Welcome to the very first event of the Bay Area Cluster Managment Meetup. Our goal is to share technical insights in this area, and get engineers connected.
We are going to hold a series of activities in Alibaba's new office in Sunnyvale, and looking forward to your warm participation. If you are interested, please click the link below to register for the exciting activities.
If you are interested in sharing your experiences – either as speaker or as user – kindly contact us: [email protected]

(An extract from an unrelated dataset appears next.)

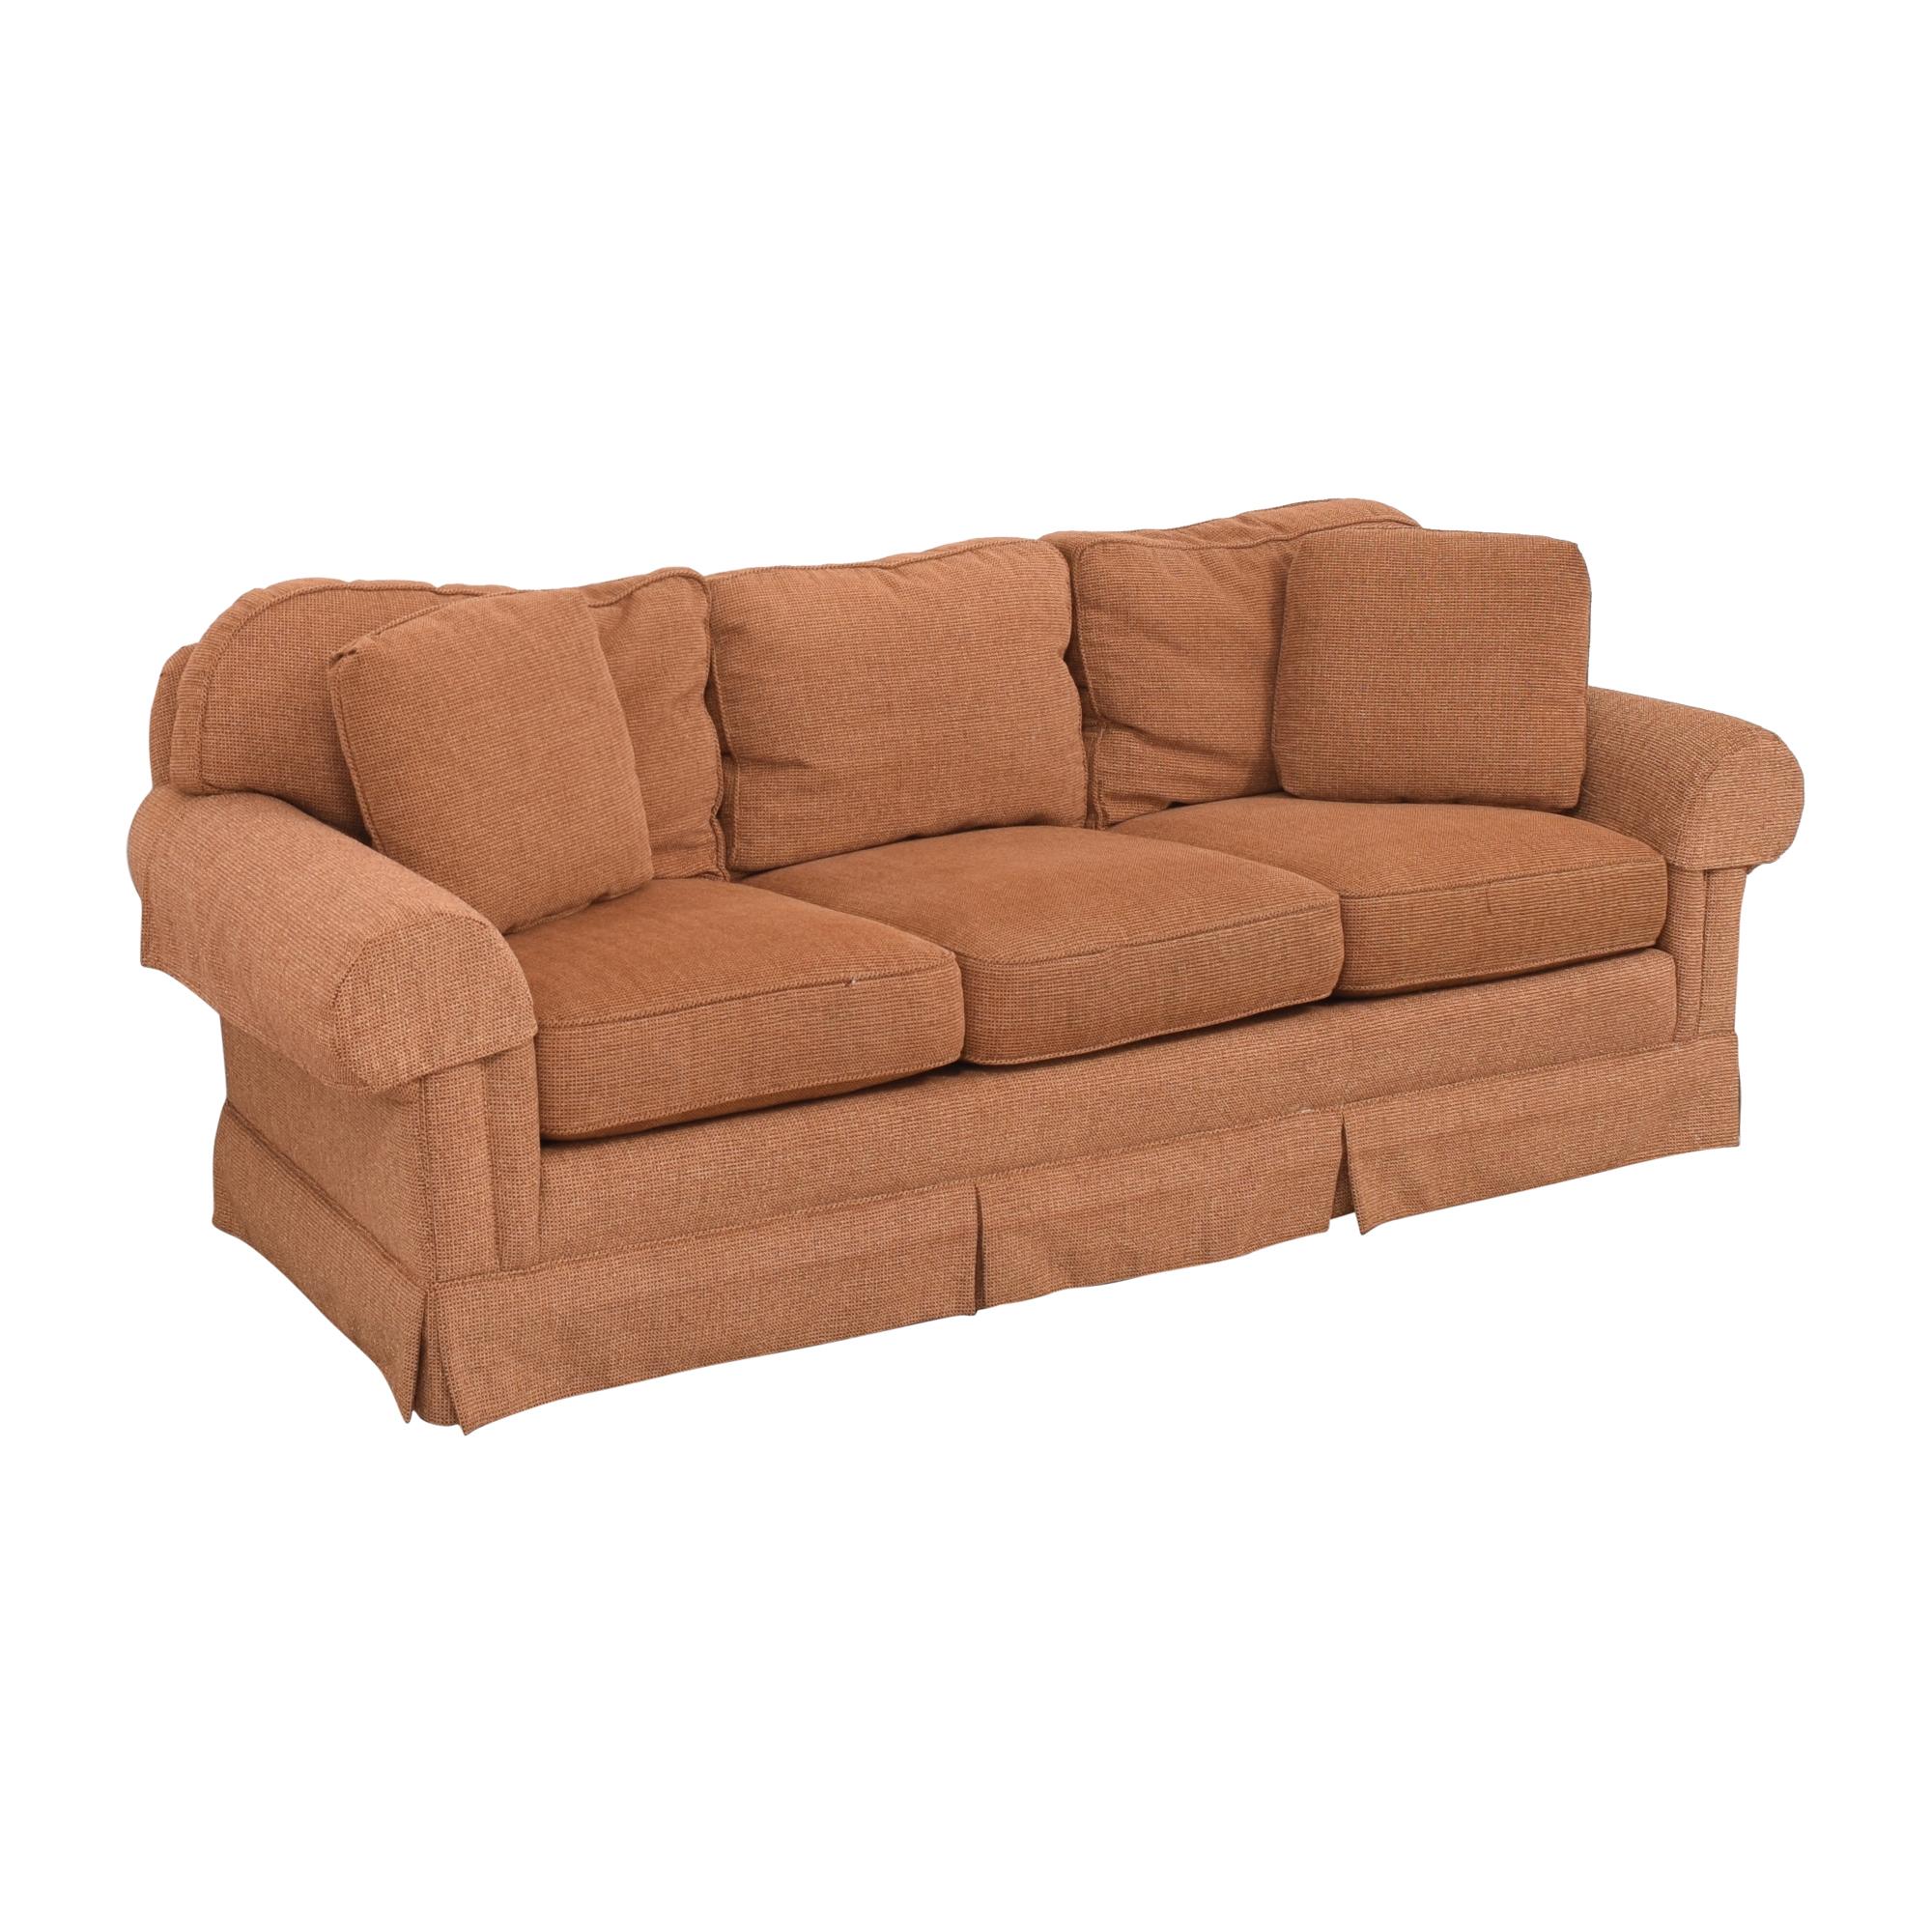 Calico Calico Three Cushion Sofa price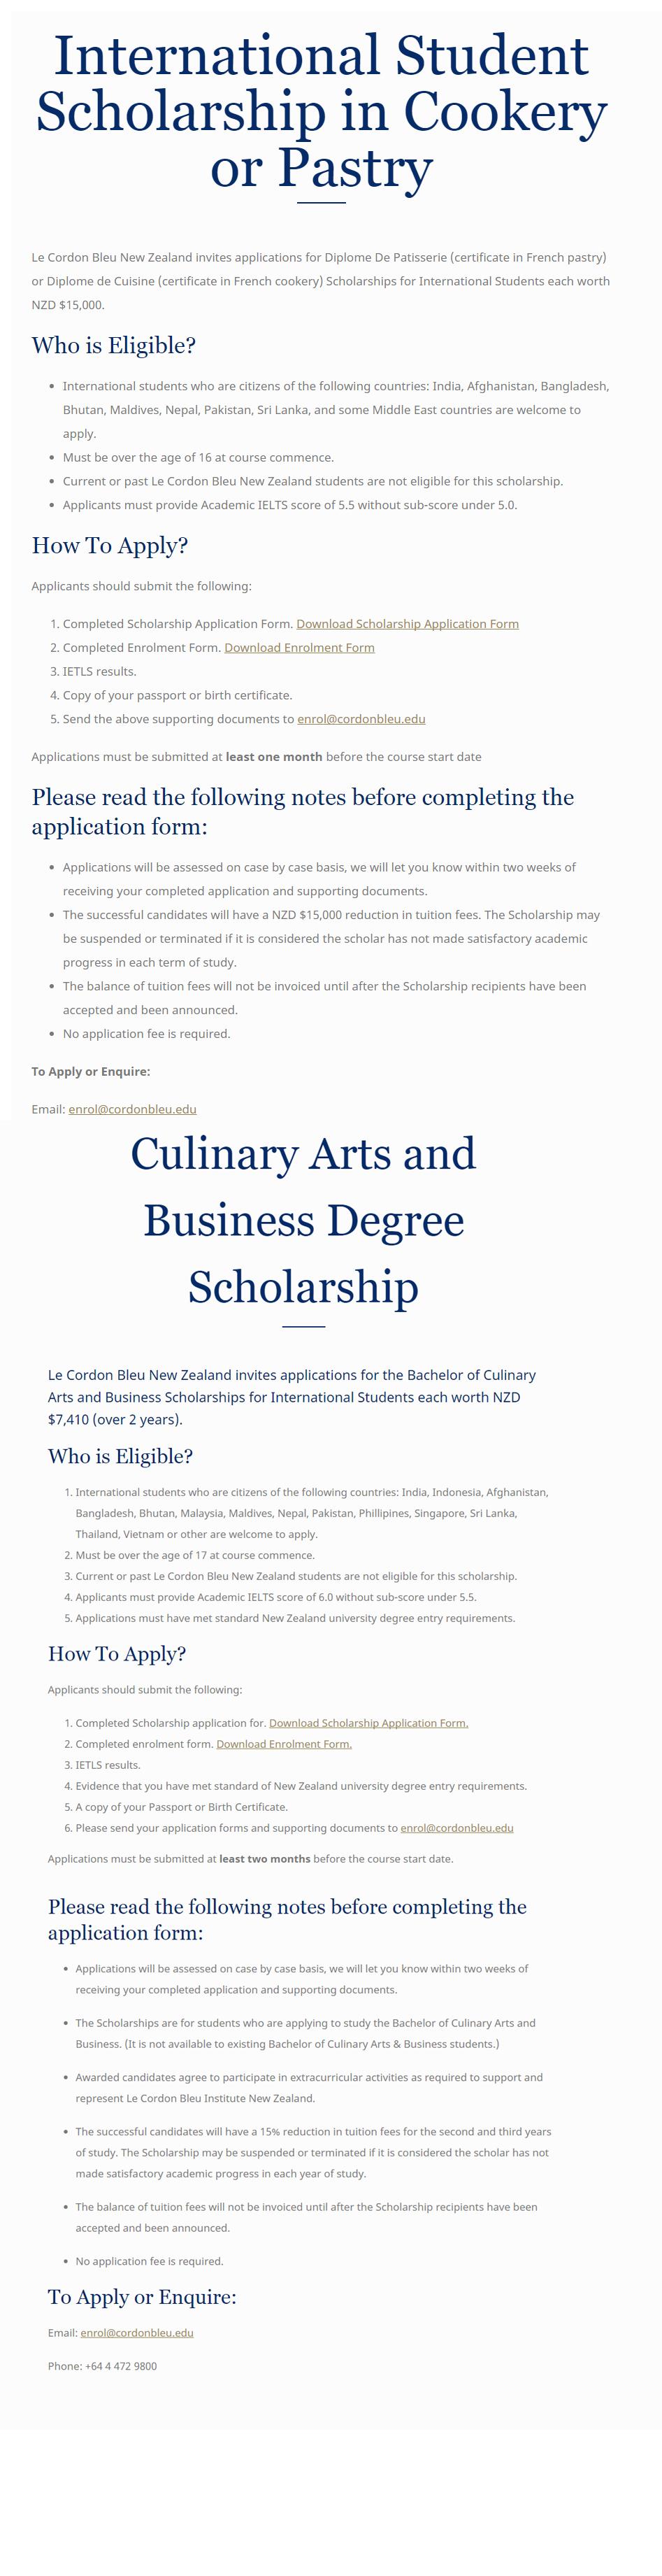 https://ishallwin.com/Content/ScholarshipImages/636384056293303565-Banner.jpg

__Sign up now: __https://www.meetup.com/Alibaba-AIOps-Meetup/events/250165871/?_xtd=gqFyqTI0MjQ4Mzk4MqFwo3dlYg&from=ref
More details: You're Invited! Join the Bay Area Scheduler & Container Meetup
1
The Challenges and Possibilities for Alibaba Cluster Management System
Sigma cluster management is the core infrastructure of Alibaba that manages most online services. Through our in-house developed PouchContainer technology, Sigma forms the basis for the goal of managing the computers of Alibaba data centers as one computer. In this talk, we will introduce the goal and positioning of Alibaba cluster management system and business scenarios. We will also share the problems we have solved, the insights of our architecture design, as well as the challenges and opportunities we face and our future plans for the Alibaba cluster management.
2
PaddlePaddle Fluid: Elastic Deep Learning on Kubernetes
Industrial deep learning requires significant computation power. Traditional management systems like SLURM, MPI, and SGE do not support elastic scheduling. A job that requires 100 nodes and submitted to a cluster with 99 idle nodes would have to wait for a long time and the cluster suffers from a low utilization. PaddlePaddle EDL introduces a scheduler that implements elastic scheduling. Our scheduler considers prioritization so it can elastically schedule all kinds of jobs, e.g., web server, log collector, data processor, and deep learning, running on a general-purpose cluster, and builds a highly efficient data pipeline. The third part of our work is to make PaddlePaddle supports fault-tolerant distributed training so that killing or starting processes of a training job doesn't stop it. On a bare-metal cluster shared with the academia, we observed ~91% of general utilization, which is times higher than the average number of 18% observed from MPI and SLURM clusters.
3
The engine of Sigma: the Sigma scheduler
The sigma scheduler is a policy-rich, micro-topology-aware, workload-specific control plane component that places workload to the nodes. The scheduler needs to take into account individual and collective resource requirements, quality of service requirements, hardware/software/policy constraints, anti-affinity specifications, data locality, workload interference, and so on. The quality of the scheduler significantly impacts the overall cluster performance and utilization. In this talk, we will present the overall design principle of the sigma scheduler and its architecture. We will also explore some of the interesting functionalities that are designed to handle large scale low latency workload.